*Task prompt*
Print, exactly as they appear, only the lines from the line that contains "جاکارتی دکمه دار با جلد پارچه ای jc57" through the end of the listing.

□ □ □ □ □ □ □

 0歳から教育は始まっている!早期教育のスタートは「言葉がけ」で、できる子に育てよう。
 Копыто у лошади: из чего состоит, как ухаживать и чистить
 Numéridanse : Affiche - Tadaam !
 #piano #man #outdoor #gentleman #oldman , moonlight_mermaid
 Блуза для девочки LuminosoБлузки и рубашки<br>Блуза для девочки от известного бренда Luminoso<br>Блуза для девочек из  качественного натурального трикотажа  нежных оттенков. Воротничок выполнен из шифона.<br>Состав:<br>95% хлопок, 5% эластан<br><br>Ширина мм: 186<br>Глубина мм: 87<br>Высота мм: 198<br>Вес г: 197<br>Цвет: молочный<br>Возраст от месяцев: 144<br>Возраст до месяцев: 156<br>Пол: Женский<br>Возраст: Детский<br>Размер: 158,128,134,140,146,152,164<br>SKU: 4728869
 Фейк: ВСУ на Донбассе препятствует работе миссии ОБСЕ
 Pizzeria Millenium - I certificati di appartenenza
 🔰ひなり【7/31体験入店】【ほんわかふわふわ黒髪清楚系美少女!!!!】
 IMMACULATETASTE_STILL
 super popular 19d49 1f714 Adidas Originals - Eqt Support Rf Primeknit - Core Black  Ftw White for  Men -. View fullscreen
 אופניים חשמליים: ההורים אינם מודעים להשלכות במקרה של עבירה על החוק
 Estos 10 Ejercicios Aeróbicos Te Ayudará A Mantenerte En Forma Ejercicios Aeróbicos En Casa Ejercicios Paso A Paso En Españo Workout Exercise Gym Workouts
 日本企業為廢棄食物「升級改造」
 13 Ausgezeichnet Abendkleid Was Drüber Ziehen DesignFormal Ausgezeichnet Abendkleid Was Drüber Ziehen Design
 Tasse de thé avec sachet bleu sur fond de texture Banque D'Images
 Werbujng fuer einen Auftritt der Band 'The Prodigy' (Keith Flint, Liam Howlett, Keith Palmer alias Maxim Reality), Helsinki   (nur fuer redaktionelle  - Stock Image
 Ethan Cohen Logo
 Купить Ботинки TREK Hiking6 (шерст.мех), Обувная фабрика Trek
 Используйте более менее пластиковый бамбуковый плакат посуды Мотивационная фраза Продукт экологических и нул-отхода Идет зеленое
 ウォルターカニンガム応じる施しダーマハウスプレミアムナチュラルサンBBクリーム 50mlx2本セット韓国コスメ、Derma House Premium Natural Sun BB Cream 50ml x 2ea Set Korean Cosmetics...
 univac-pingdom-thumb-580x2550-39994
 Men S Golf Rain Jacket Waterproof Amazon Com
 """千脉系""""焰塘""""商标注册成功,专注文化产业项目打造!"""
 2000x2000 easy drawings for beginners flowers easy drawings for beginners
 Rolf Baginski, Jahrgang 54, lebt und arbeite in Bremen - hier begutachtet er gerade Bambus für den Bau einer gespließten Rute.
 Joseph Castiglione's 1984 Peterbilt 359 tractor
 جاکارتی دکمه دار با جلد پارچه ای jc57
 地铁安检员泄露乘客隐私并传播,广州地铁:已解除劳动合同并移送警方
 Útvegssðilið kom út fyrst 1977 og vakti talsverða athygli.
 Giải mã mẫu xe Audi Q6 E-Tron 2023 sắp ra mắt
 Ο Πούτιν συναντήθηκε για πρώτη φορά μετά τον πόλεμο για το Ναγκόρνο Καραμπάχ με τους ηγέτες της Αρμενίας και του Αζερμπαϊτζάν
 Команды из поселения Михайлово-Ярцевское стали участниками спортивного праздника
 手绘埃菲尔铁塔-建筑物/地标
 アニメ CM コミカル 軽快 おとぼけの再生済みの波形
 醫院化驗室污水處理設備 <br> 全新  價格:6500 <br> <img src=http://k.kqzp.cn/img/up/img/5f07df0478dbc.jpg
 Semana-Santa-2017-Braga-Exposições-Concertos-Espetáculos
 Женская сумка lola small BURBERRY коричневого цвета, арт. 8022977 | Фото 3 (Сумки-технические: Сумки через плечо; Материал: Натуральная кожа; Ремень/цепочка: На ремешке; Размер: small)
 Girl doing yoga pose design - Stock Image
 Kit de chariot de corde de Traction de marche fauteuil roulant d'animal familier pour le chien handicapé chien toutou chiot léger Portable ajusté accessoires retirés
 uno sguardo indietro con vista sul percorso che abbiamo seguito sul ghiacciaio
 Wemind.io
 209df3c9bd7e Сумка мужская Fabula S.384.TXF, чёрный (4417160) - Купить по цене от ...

□ □ □ □ □ □ □

*Result for this exercise*
 جاکارتی دکمه دار با جلد پارچه ای jc57
 地铁安检员泄露乘客隐私并传播,广州地铁:已解除劳动合同并移送警方
 Útvegssðilið kom út fyrst 1977 og vakti talsverða athygli.
 Giải mã mẫu xe Audi Q6 E-Tron 2023 sắp ra mắt
 Ο Πούτιν συναντήθηκε για πρώτη φορά μετά τον πόλεμο για το Ναγκόρνο Καραμπάχ με τους ηγέτες της Αρμενίας και του Αζερμπαϊτζάν
 Команды из поселения Михайлово-Ярцевское стали участниками спортивного праздника
 手绘埃菲尔铁塔-建筑物/地标
 アニメ CM コミカル 軽快 おとぼけの再生済みの波形
 醫院化驗室污水處理設備 <br> 全新  價格:6500 <br> <img src=http://k.kqzp.cn/img/up/img/5f07df0478dbc.jpg
 Semana-Santa-2017-Braga-Exposições-Concertos-Espetáculos
 Женская сумка lola small BURBERRY коричневого цвета, арт. 8022977 | Фото 3 (Сумки-технические: Сумки через плечо; Материал: Натуральная кожа; Ремень/цепочка: На ремешке; Размер: small)
 Girl doing yoga pose design - Stock Image
 Kit de chariot de corde de Traction de marche fauteuil roulant d'animal familier pour le chien handicapé chien toutou chiot léger Portable ajusté accessoires retirés
 uno sguardo indietro con vista sul percorso che abbiamo seguito sul ghiacciaio
 Wemind.io
 209df3c9bd7e Сумка мужская Fabula S.384.TXF, чёрный (4417160) - Купить по цене от ...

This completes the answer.